Records to process
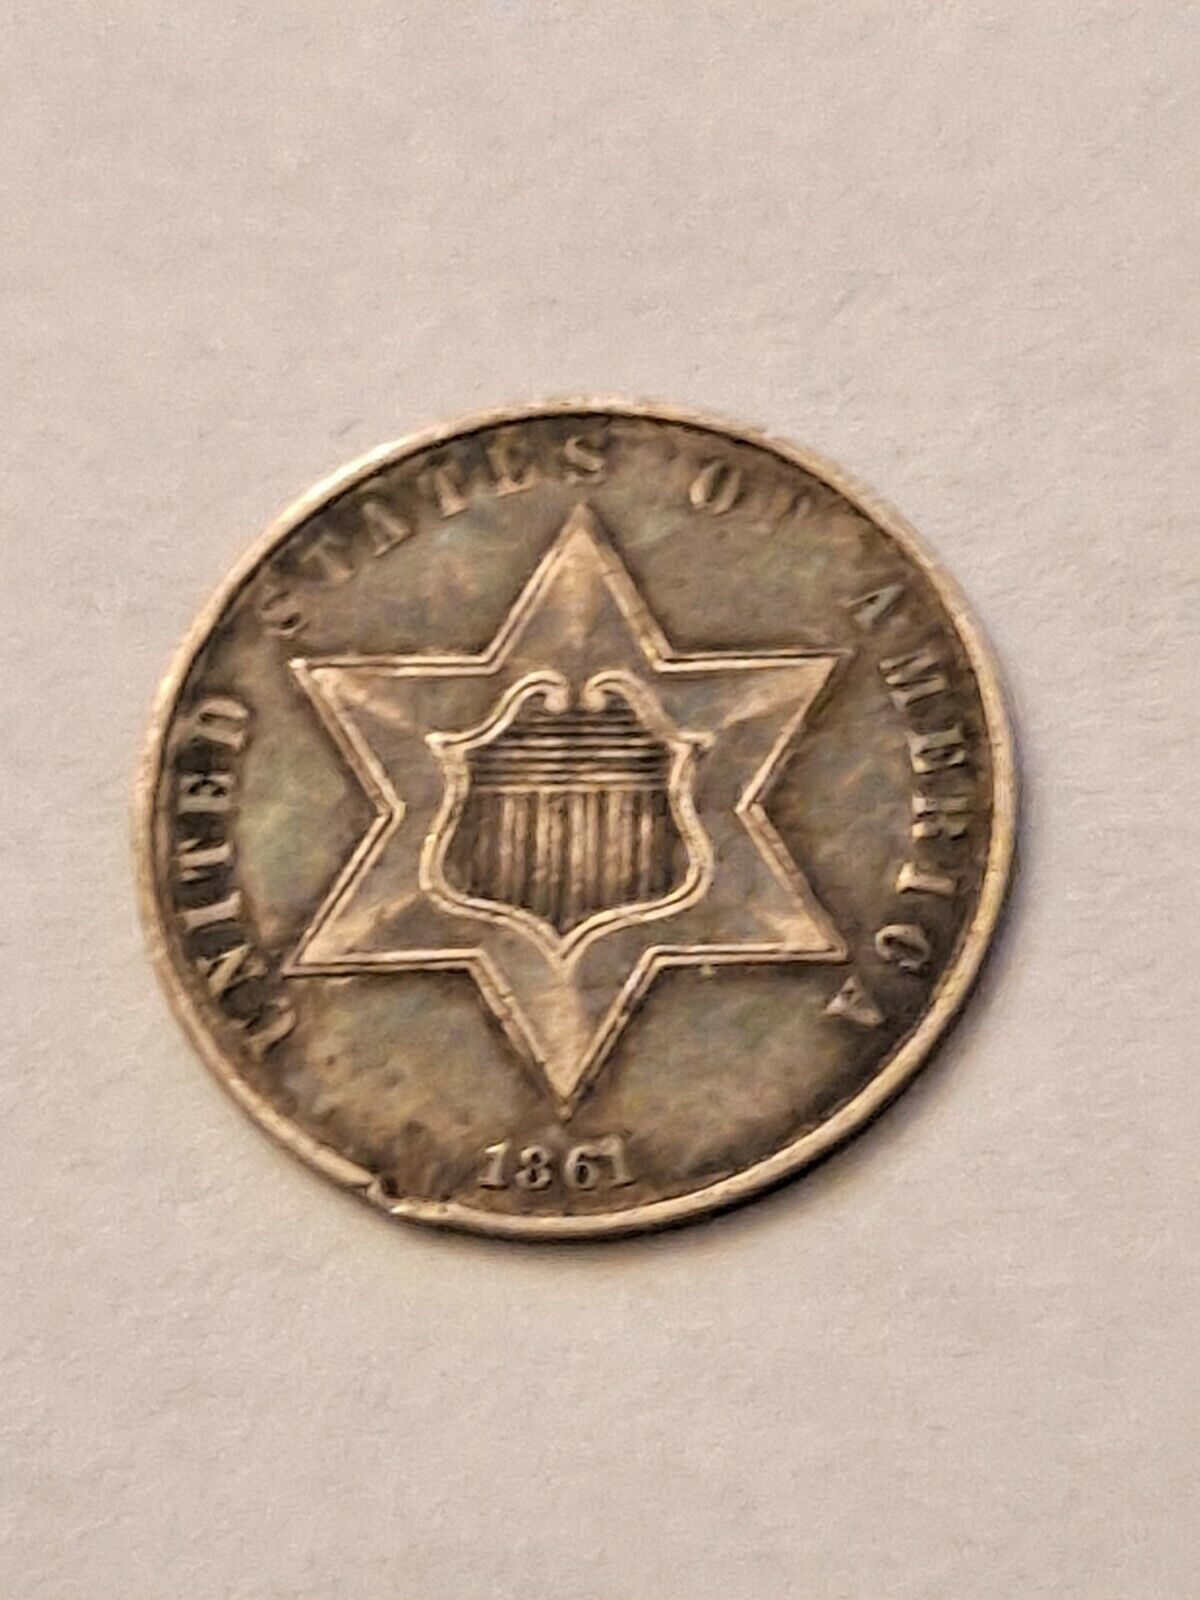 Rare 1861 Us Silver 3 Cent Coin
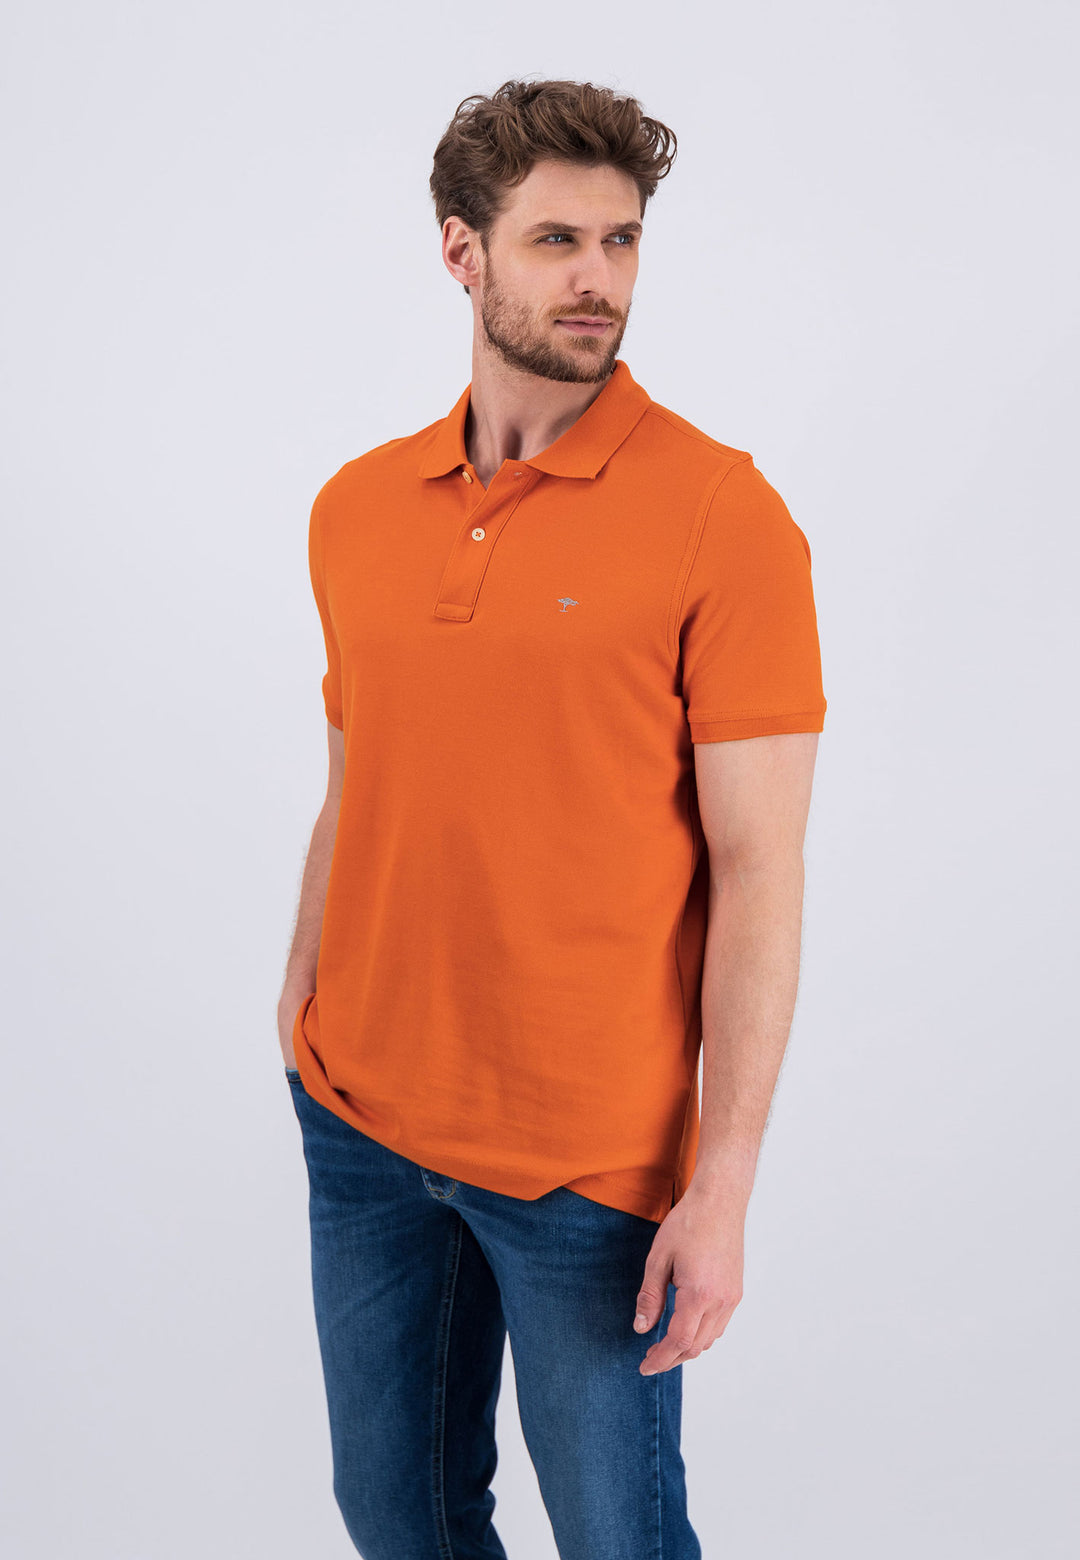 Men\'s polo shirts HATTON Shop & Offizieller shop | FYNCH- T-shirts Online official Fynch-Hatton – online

==

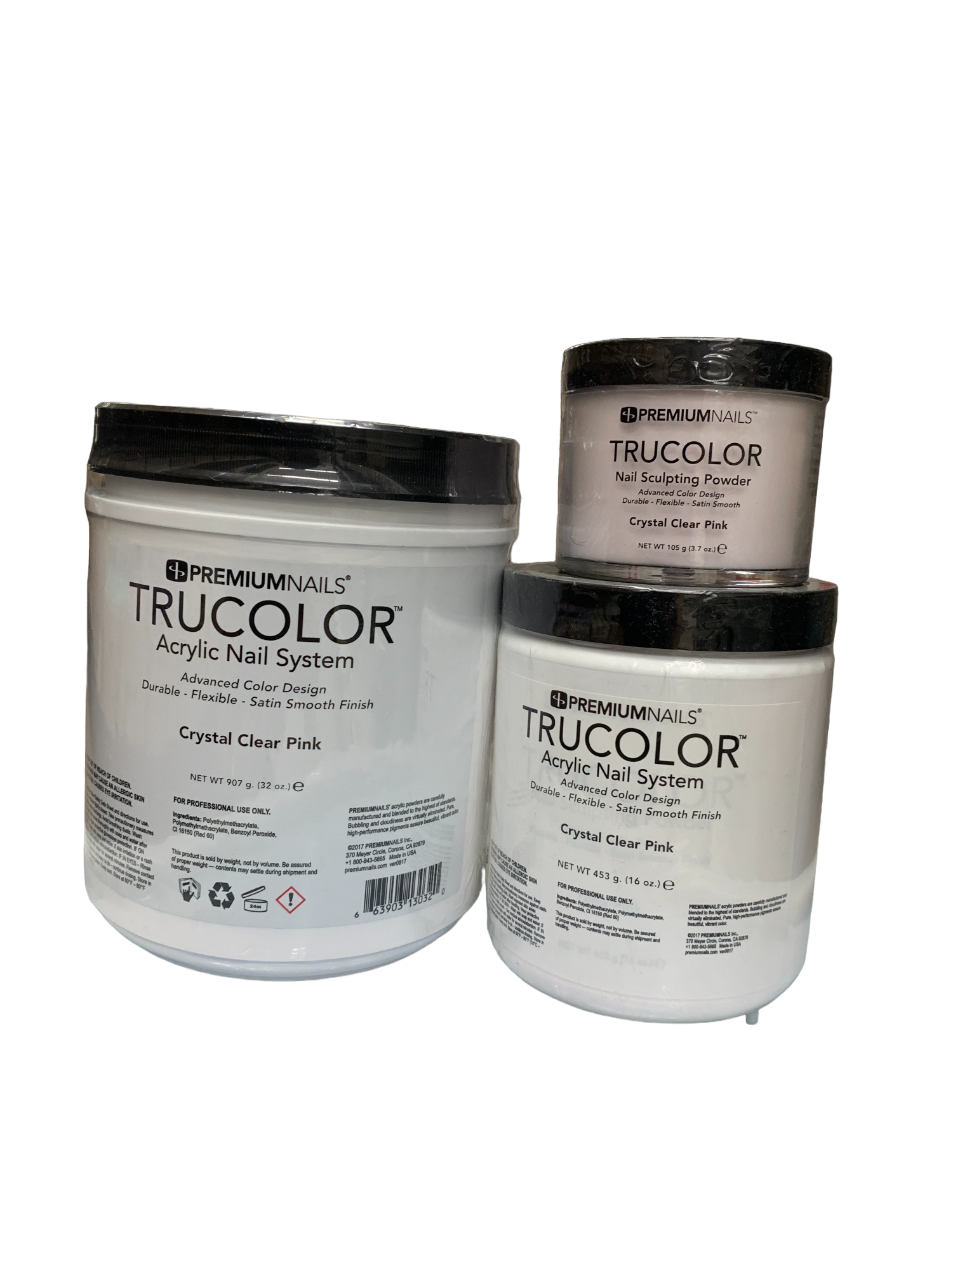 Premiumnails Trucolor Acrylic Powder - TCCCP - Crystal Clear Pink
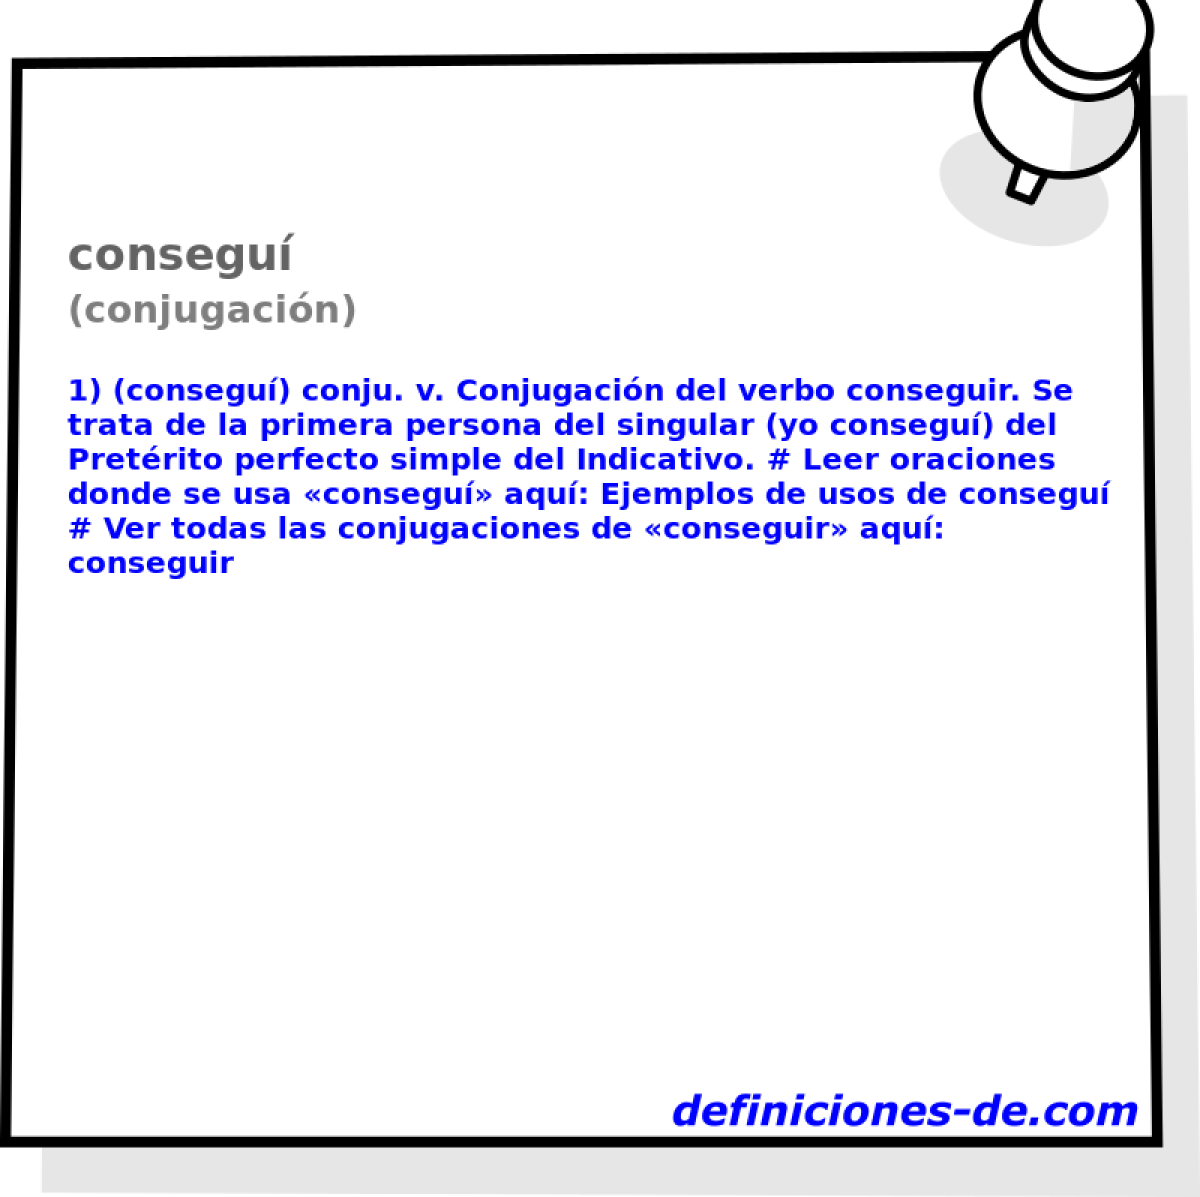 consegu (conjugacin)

About this exercise
In the records above, find the line with "Premiumnails Trucolor Acrylic". Print exactly from there through the line with "consegu (conjugacin)", minus the pictures.

Response to this exercise
 Premiumnails Trucolor Acrylic Powder - TCCCP - Crystal Clear Pink
 consegu (conjugacin)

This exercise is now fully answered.